> _TASK STATEMENT_
Could you give the listing again exactly, without its pictures?

> _AVAILABLE DATA_
:::

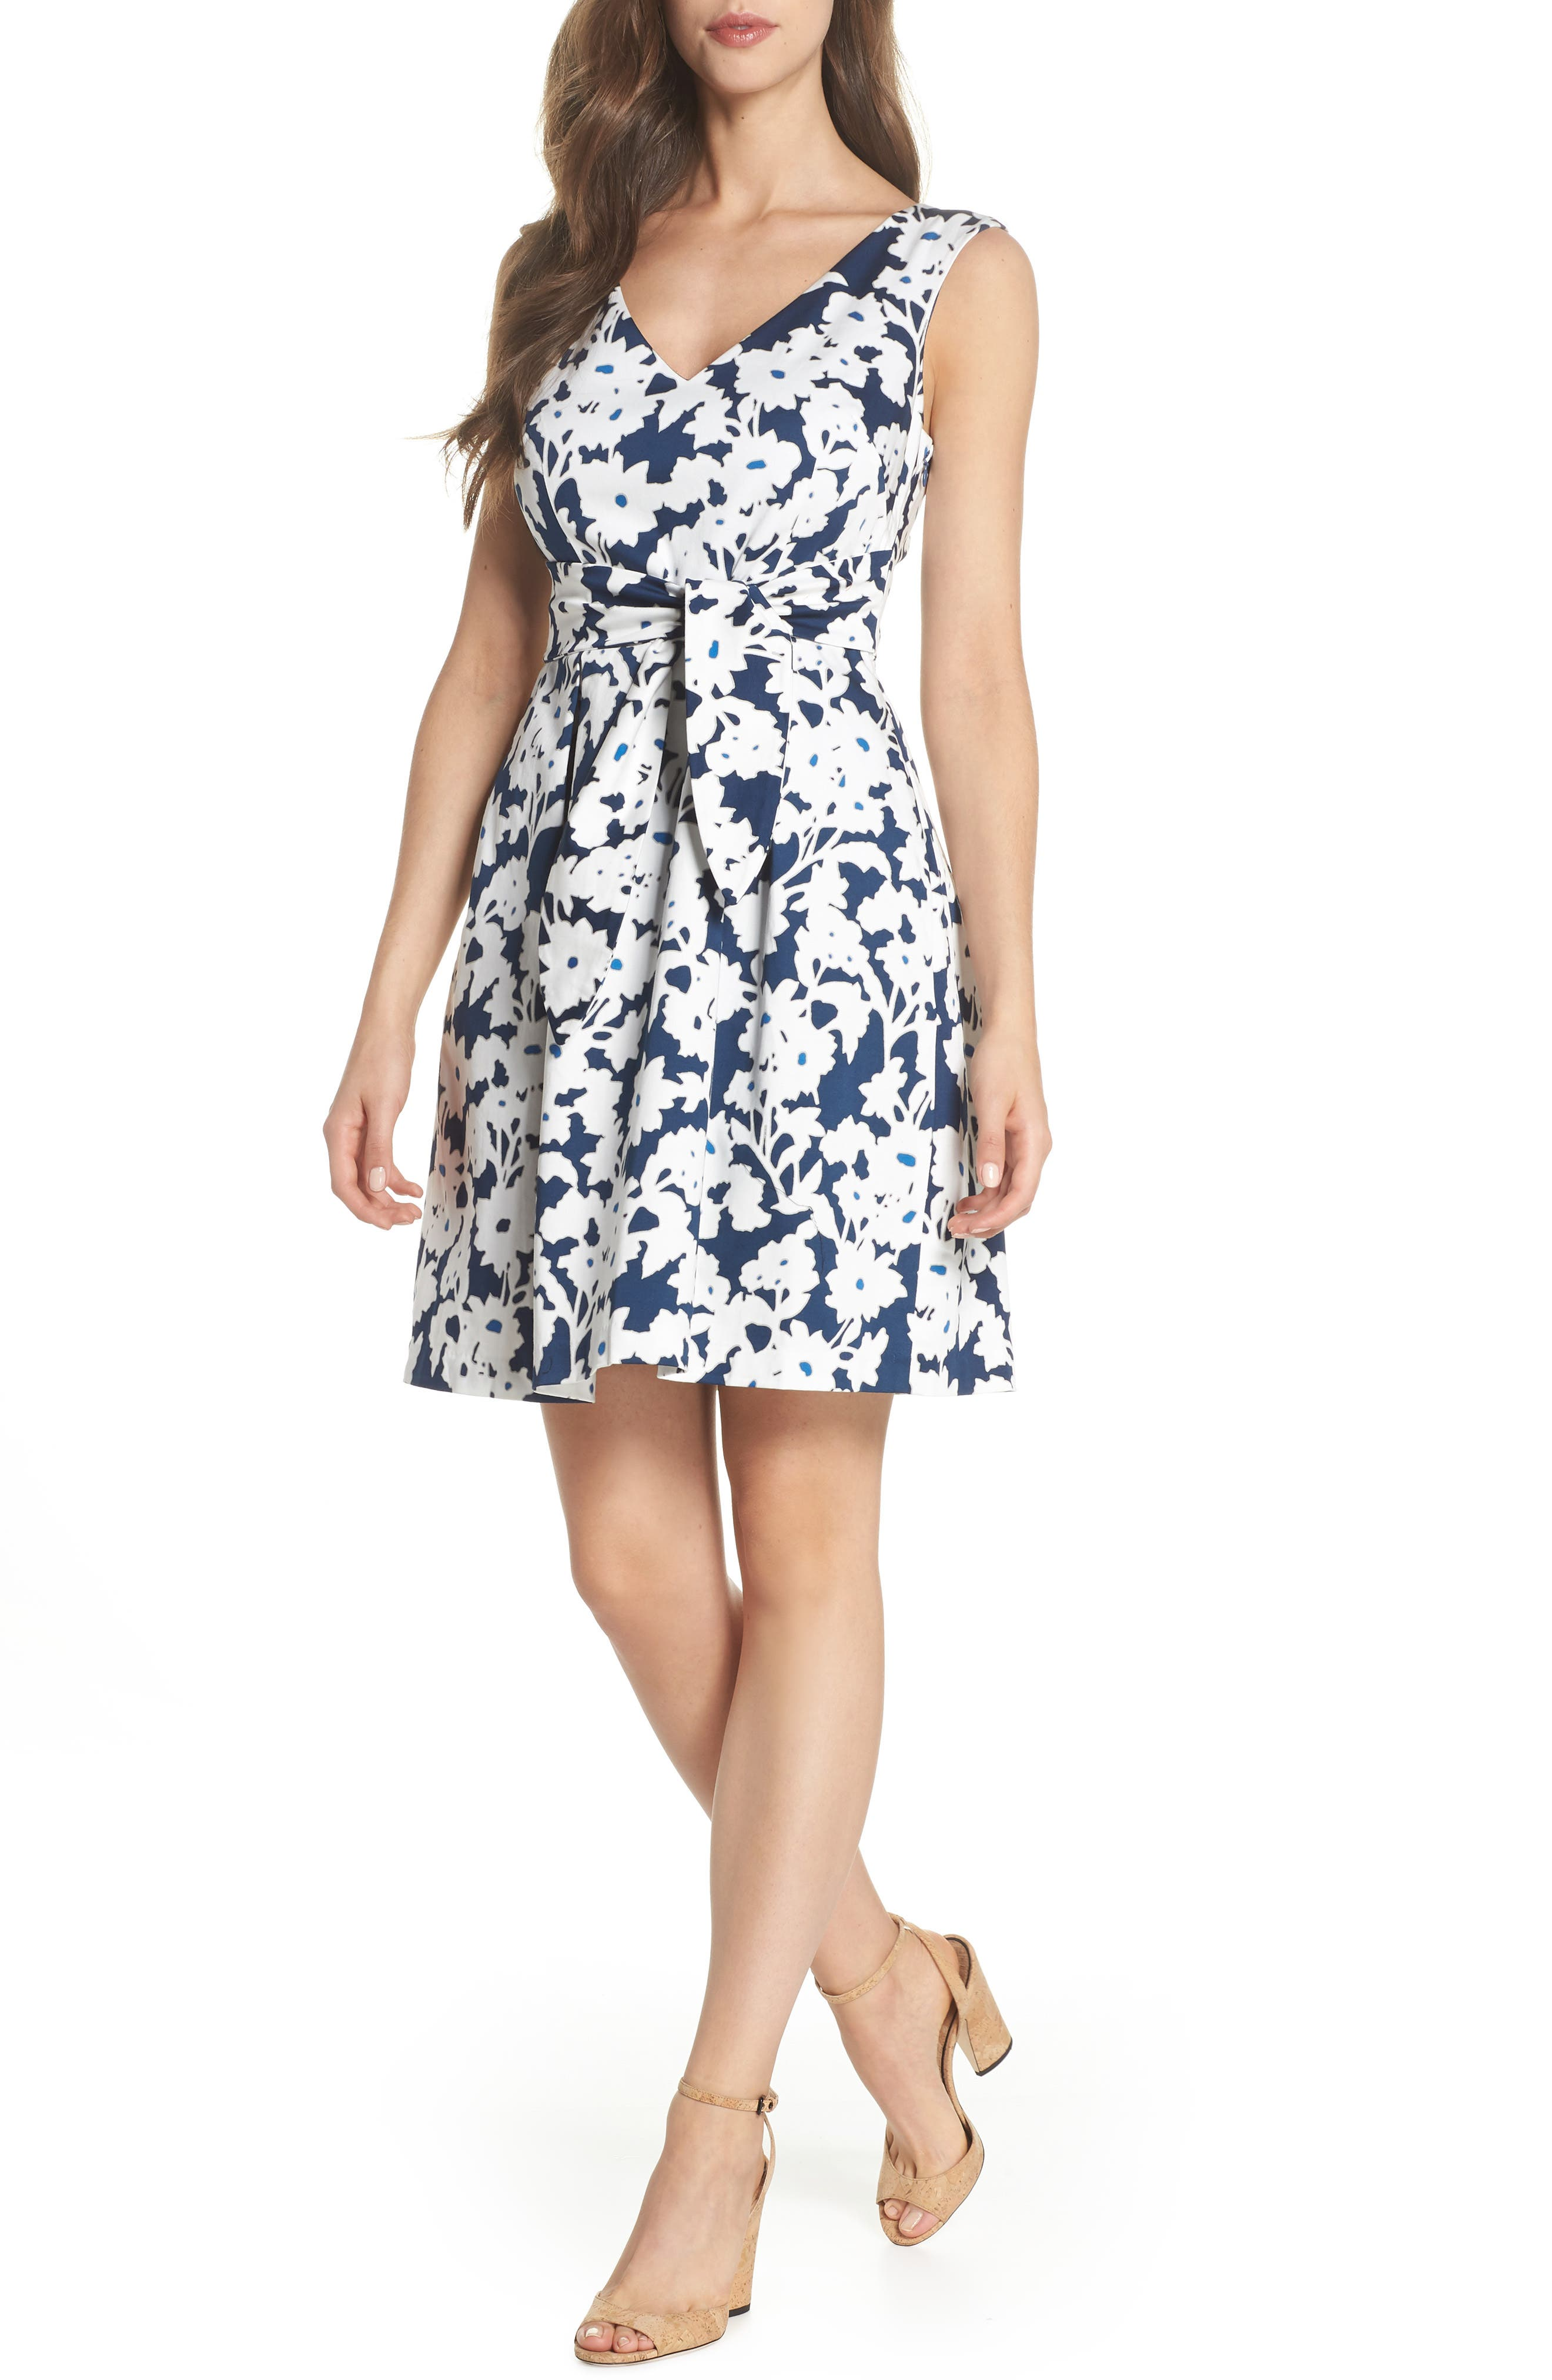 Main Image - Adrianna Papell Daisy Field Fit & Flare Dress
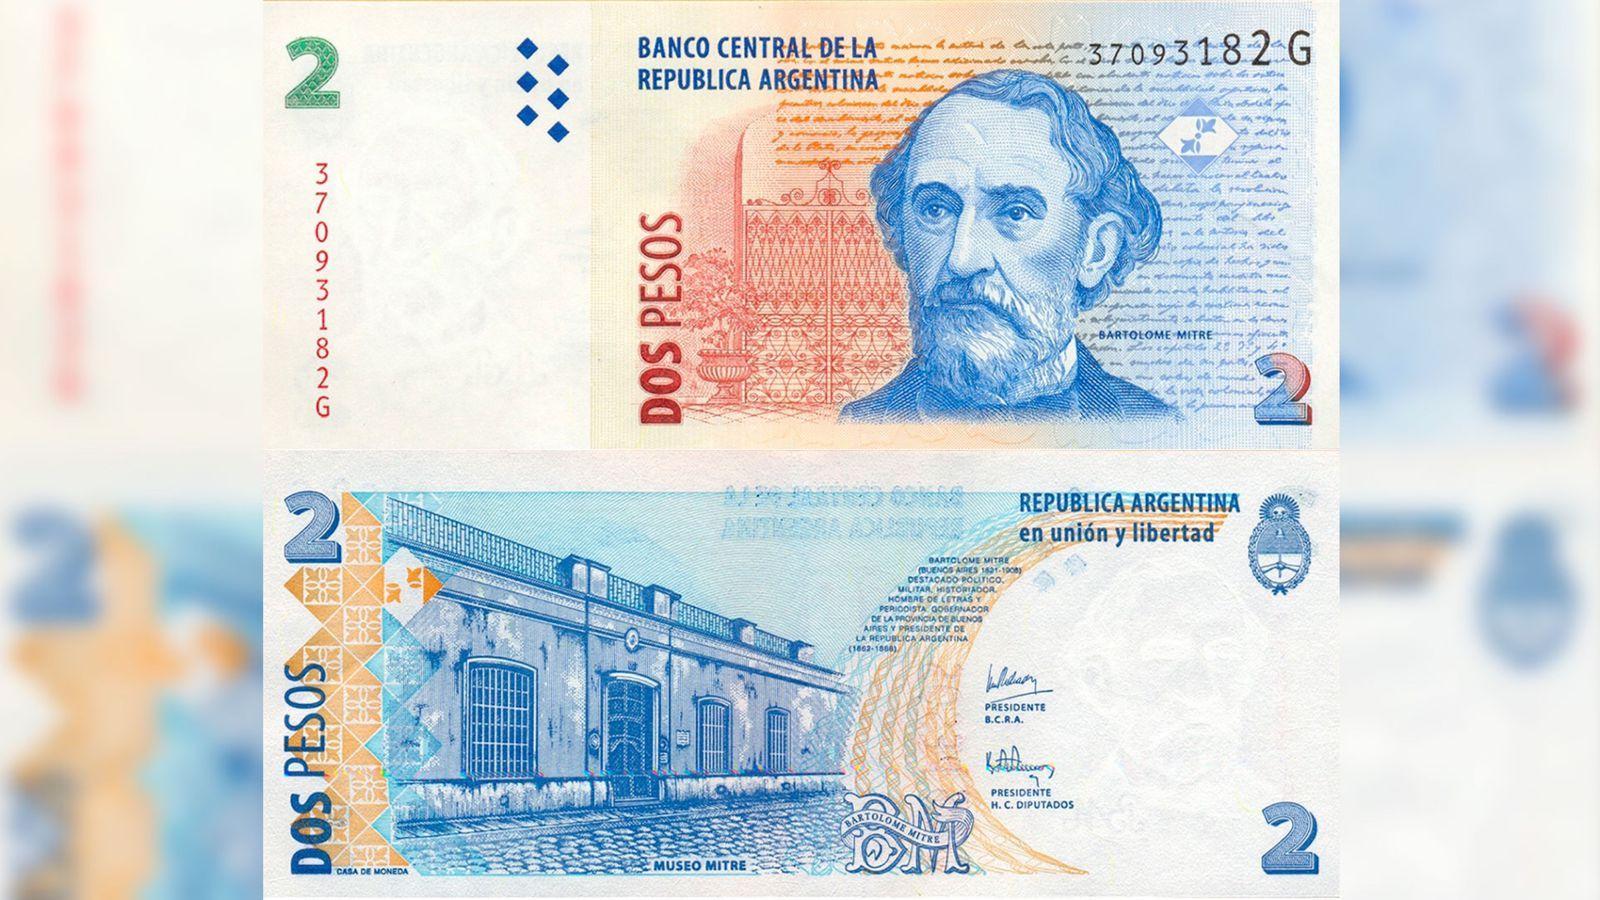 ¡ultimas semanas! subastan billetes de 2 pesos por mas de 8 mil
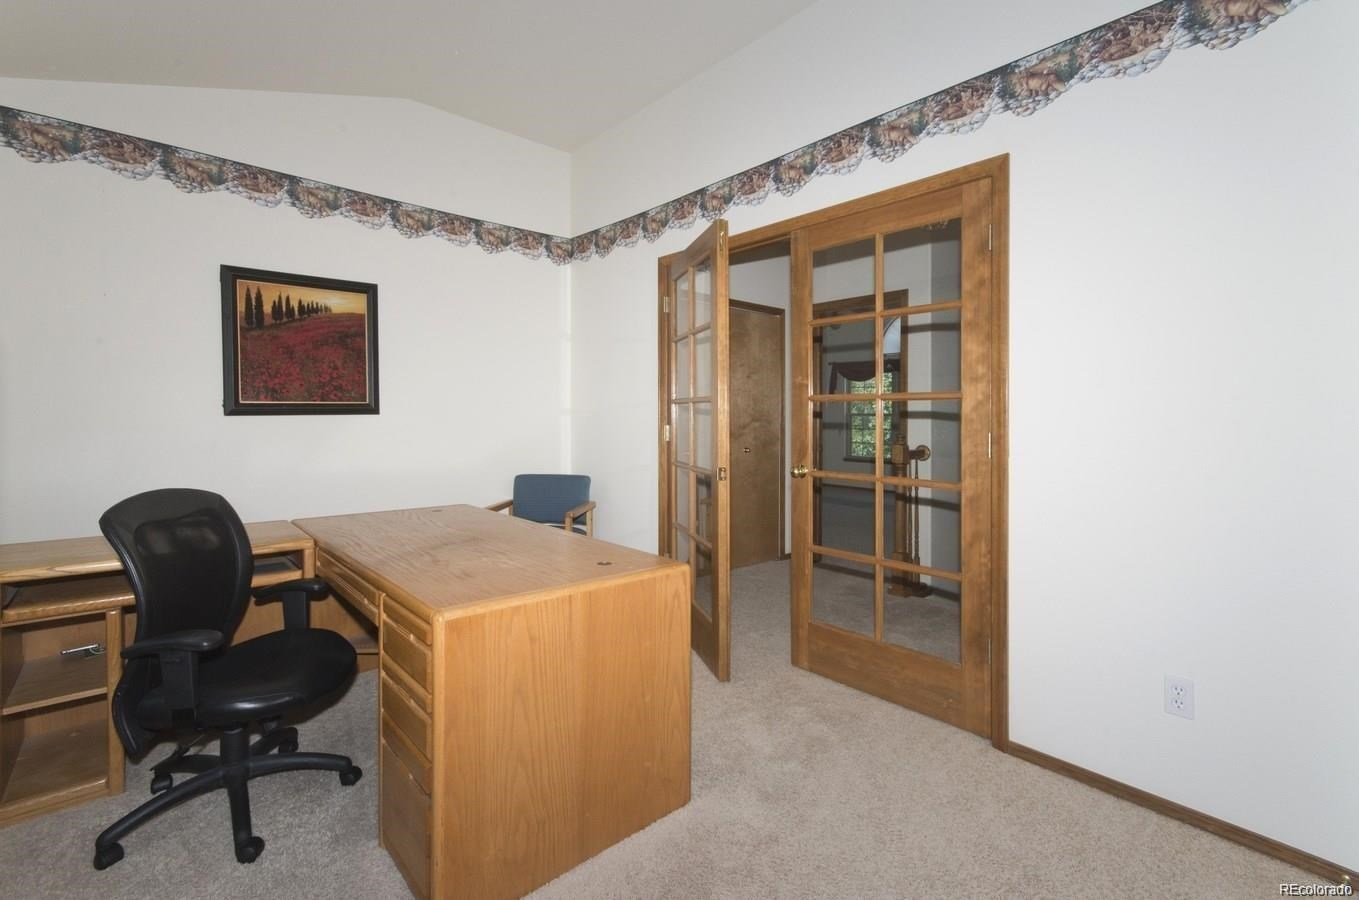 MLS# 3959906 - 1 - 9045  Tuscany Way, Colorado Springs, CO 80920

:::

> _REPLY TO THE EXERCISE_
 Main Image - Adrianna Papell Daisy Field Fit & Flare Dress
 ¡ultimas semanas! subastan billetes de 2 pesos por mas de 8 mil
 MLS# 3959906 - 1 - 9045  Tuscany Way, Colorado Springs, CO 80920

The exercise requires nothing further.